(Description of the task)
Return all of the data exactly, with nothing left out but the pictures.
___ The data ___
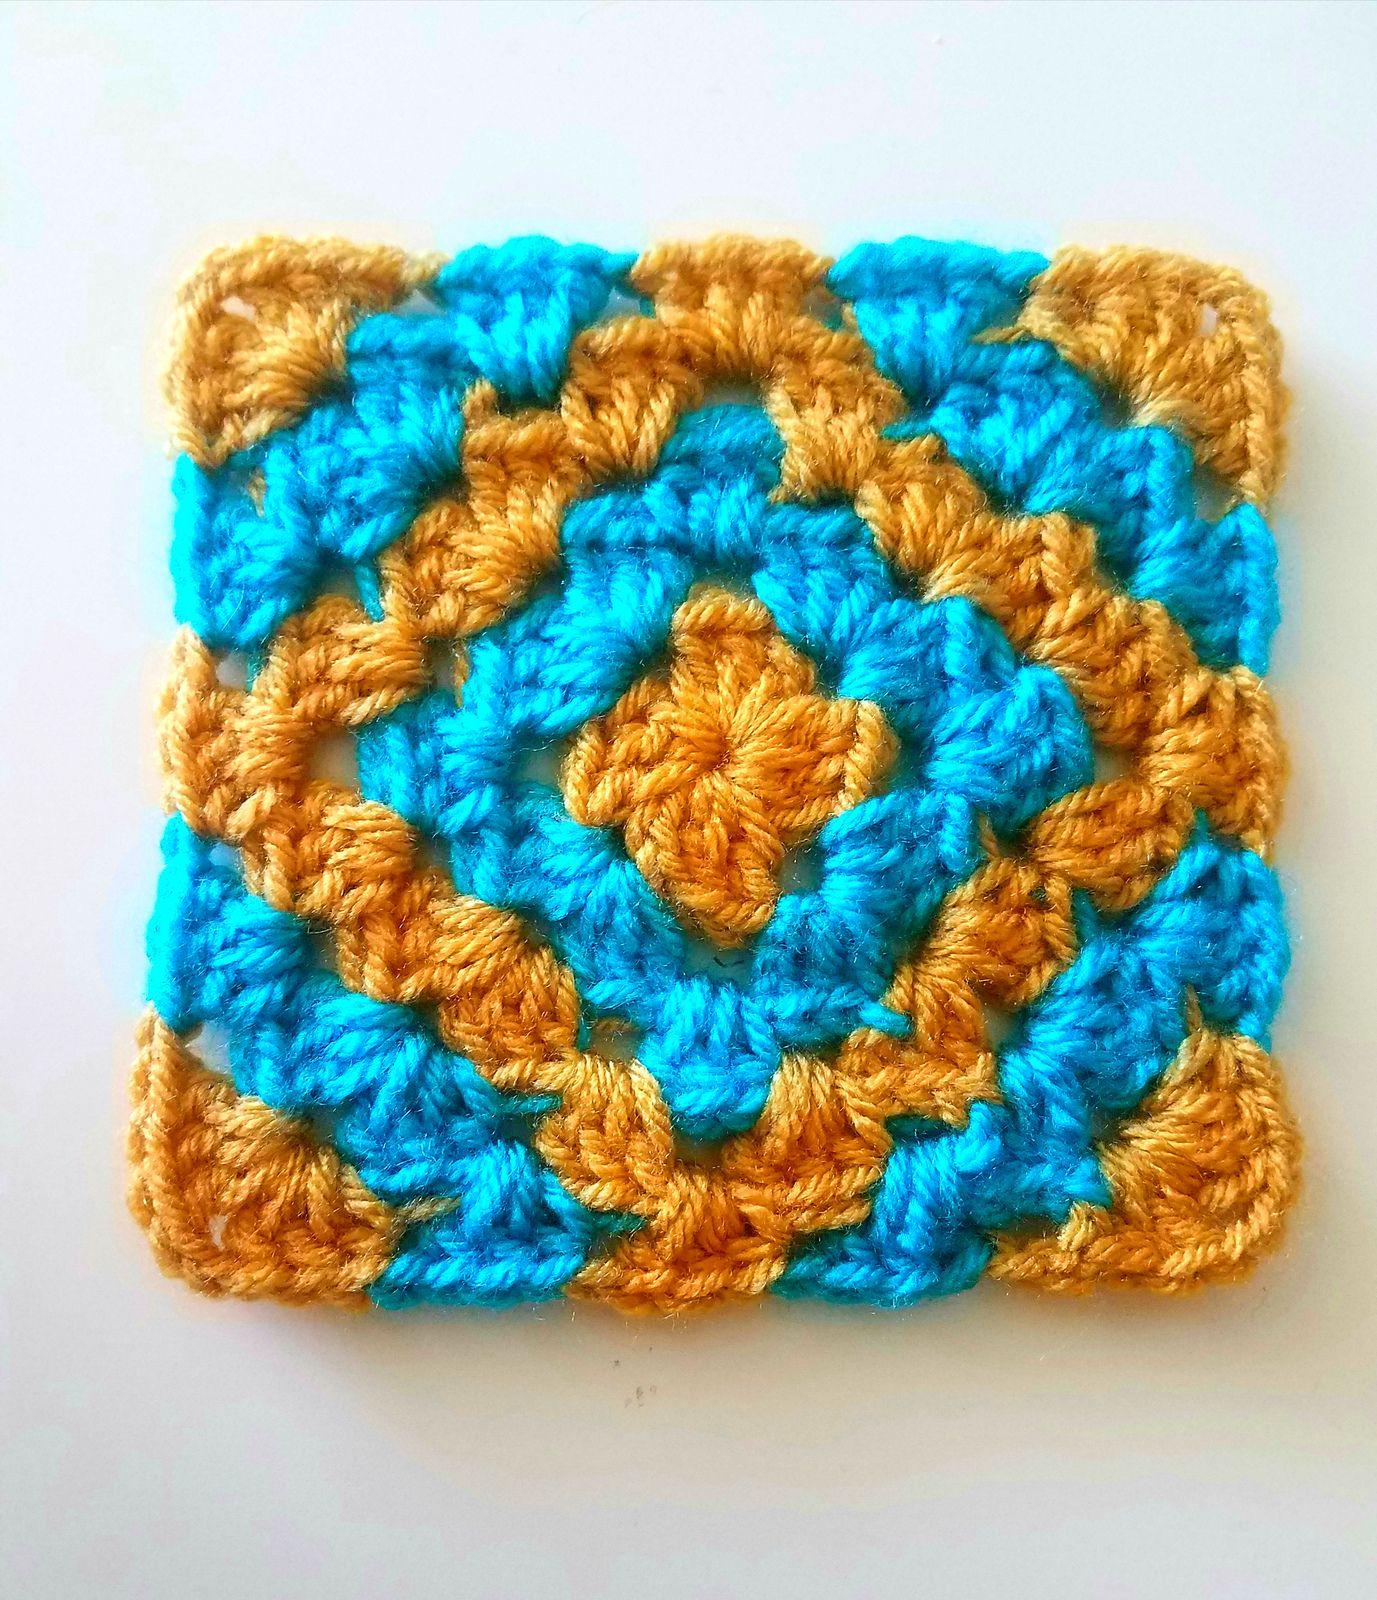 Ravelry: Boho diamond granny square by Six Hampton Crochet ...
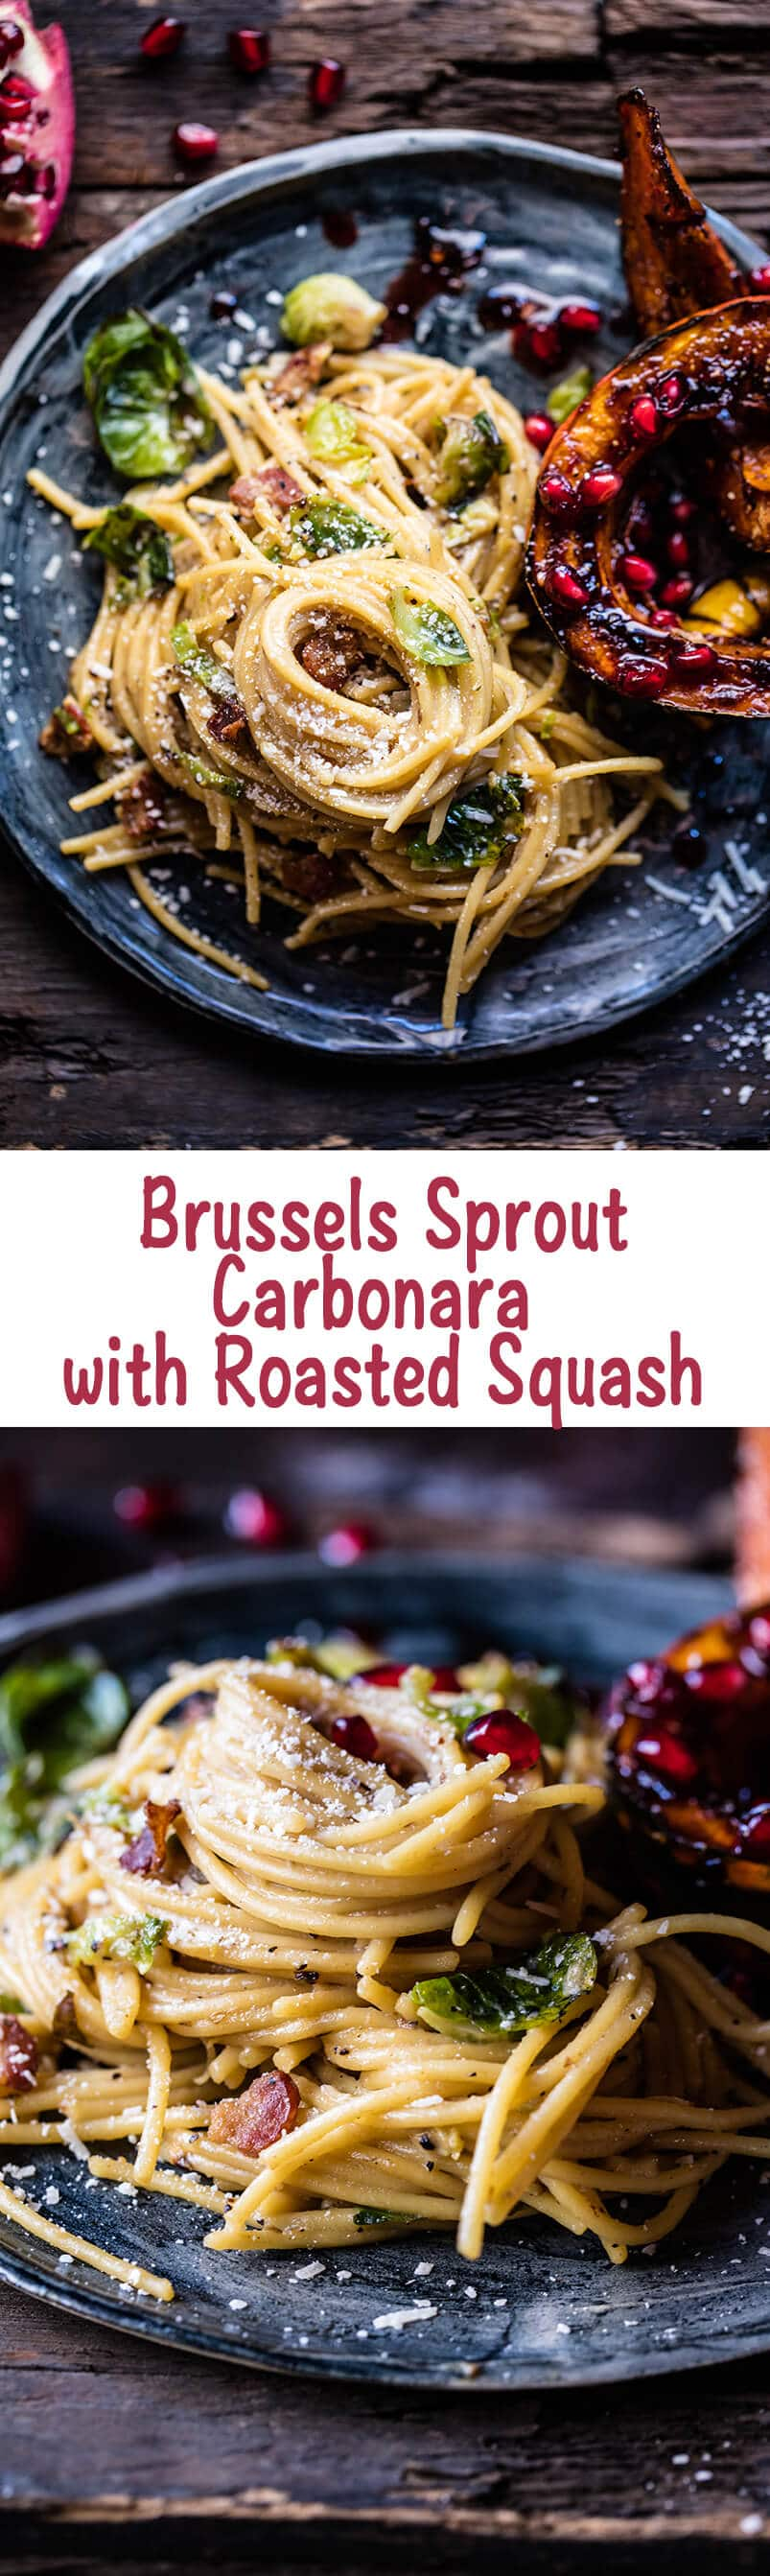 Brussels Sprout Carbonara with Pomegranate Roasted Winter Squash | halfbakedharvest.com @hbharvest
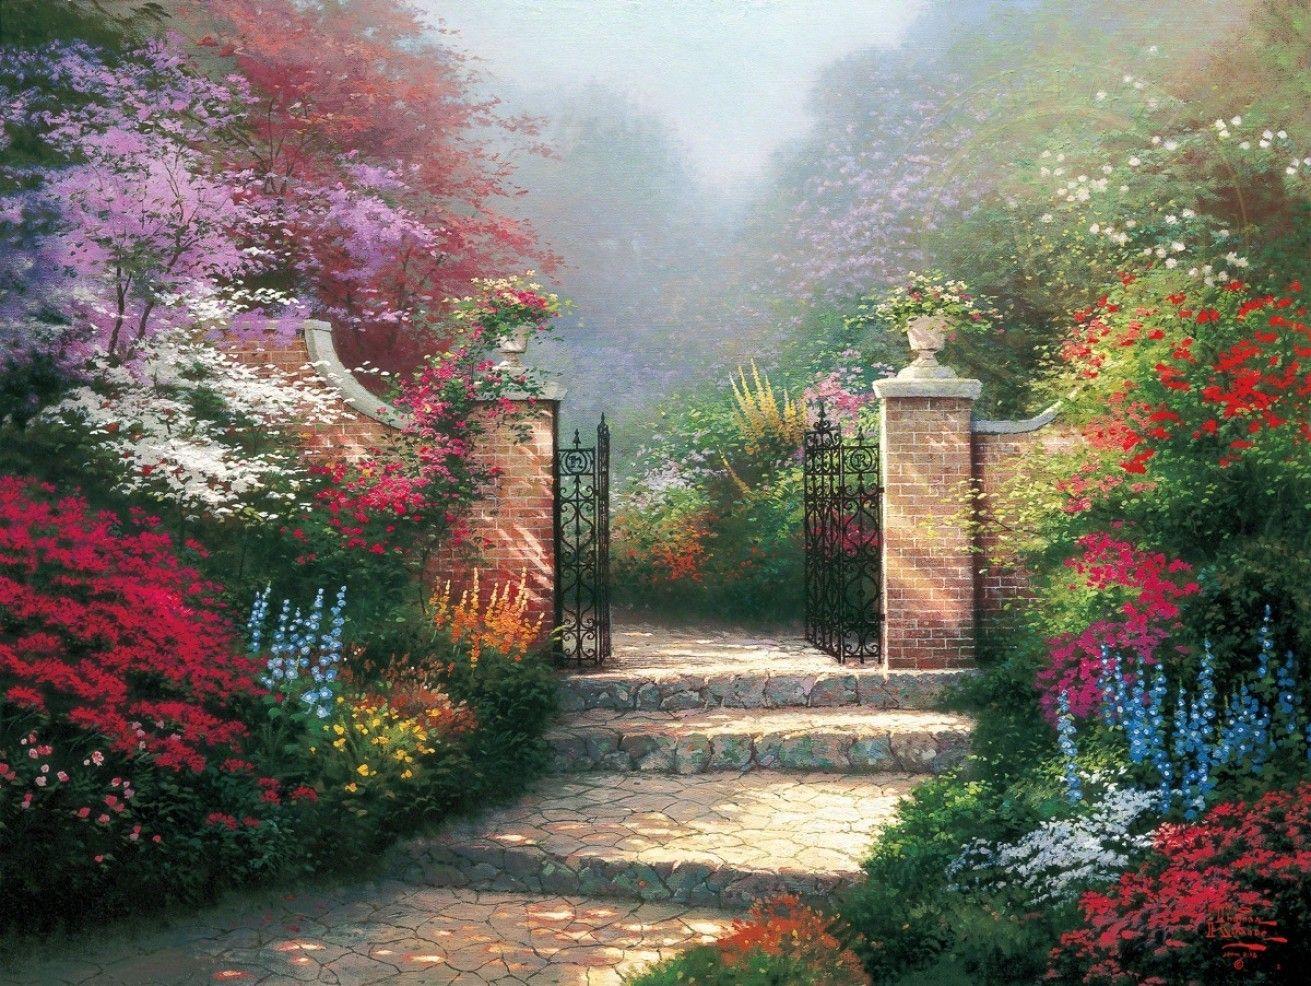 The Victorian Garden Victorian Gardens Kinkade Paintings
___
(Answer)
 Ravelry: Boho diamond granny square by Six Hampton Crochet ...
 Brussels Sprout Carbonara with Pomegranate Roasted Winter Squash | halfbakedharvest.com @hbharvest
 The Victorian Garden Victorian Gardens Kinkade Paintings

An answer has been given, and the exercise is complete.